The plane's fuel tanks were full and a much bigger death toll could have been a real possibility, aviation experts said.
Investigators said they were looking into various lines of inquiry and it was premature to draw any conclusions about the cause of the accident.
Russian President Vladimir Putin had offered his condolences to the victims' loved ones, the Kremlin said.
He has also said the investigation "should be as thorough as possible," the Kremlin added.
Prime Minister Dmitry Medvedev ordered a special committee to investigate the disaster.
The Murmansk region - where many of the casualties are believed to be from - will go into a three-day period of mourning beginning Monday.
Some flights have been diverted to other Moscow airports or Nizhny Novgorod, some 400 kilometres (250 miles) east of the Russian capital.
Numerous Aeroflot flights are expected to be affected in the coming days.
Blow to aviation industry
The country's aviation's safety record has been chequered and the latest disaster is seen as a huge blow to its already struggling aviation industry.

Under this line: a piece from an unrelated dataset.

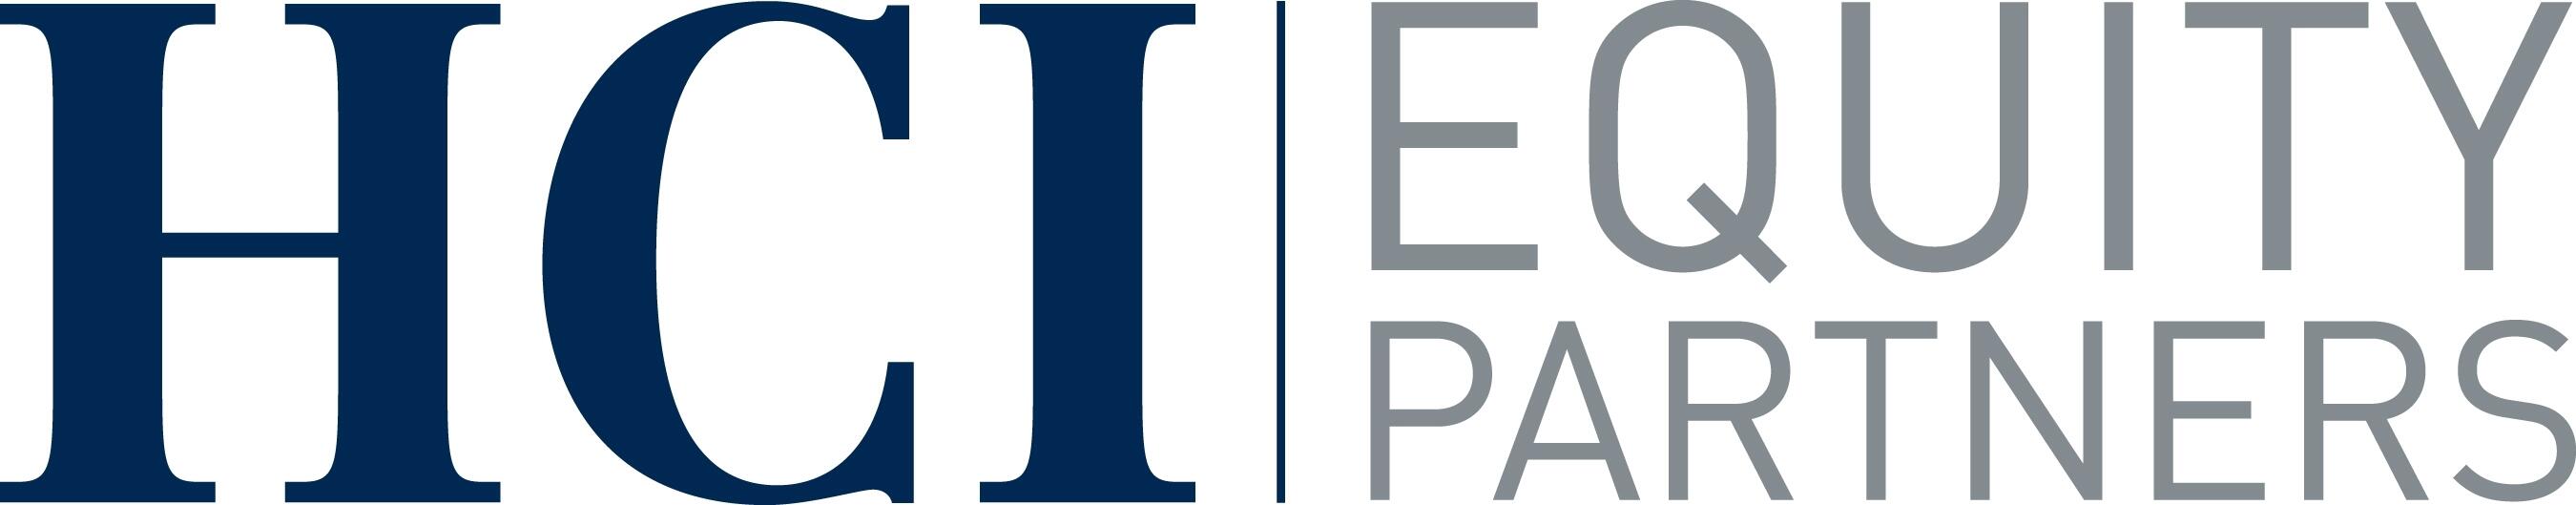 HCI Equity Partners logo

The Sukhoi Superjet-100 was the first civilian aircraft developed in the country's post-Soviet era.
At the time of its launch, in 2011, it was a source of national pride and seen as one of Putin's pet projects.
But numerous technical problems with the plane have been reported in recent years and Russia has struggled to convince foreign carriers to purchase it.
The government offered subsidies to encourage Russian airlines to buy the Superjet and Aeroflot has became its main operator.
In September 2018, it announced a record order of 100 Superjet-100s.
After the tragedy some suggested that Russia may be better off abandoning the Sukhoi Superjet altogether.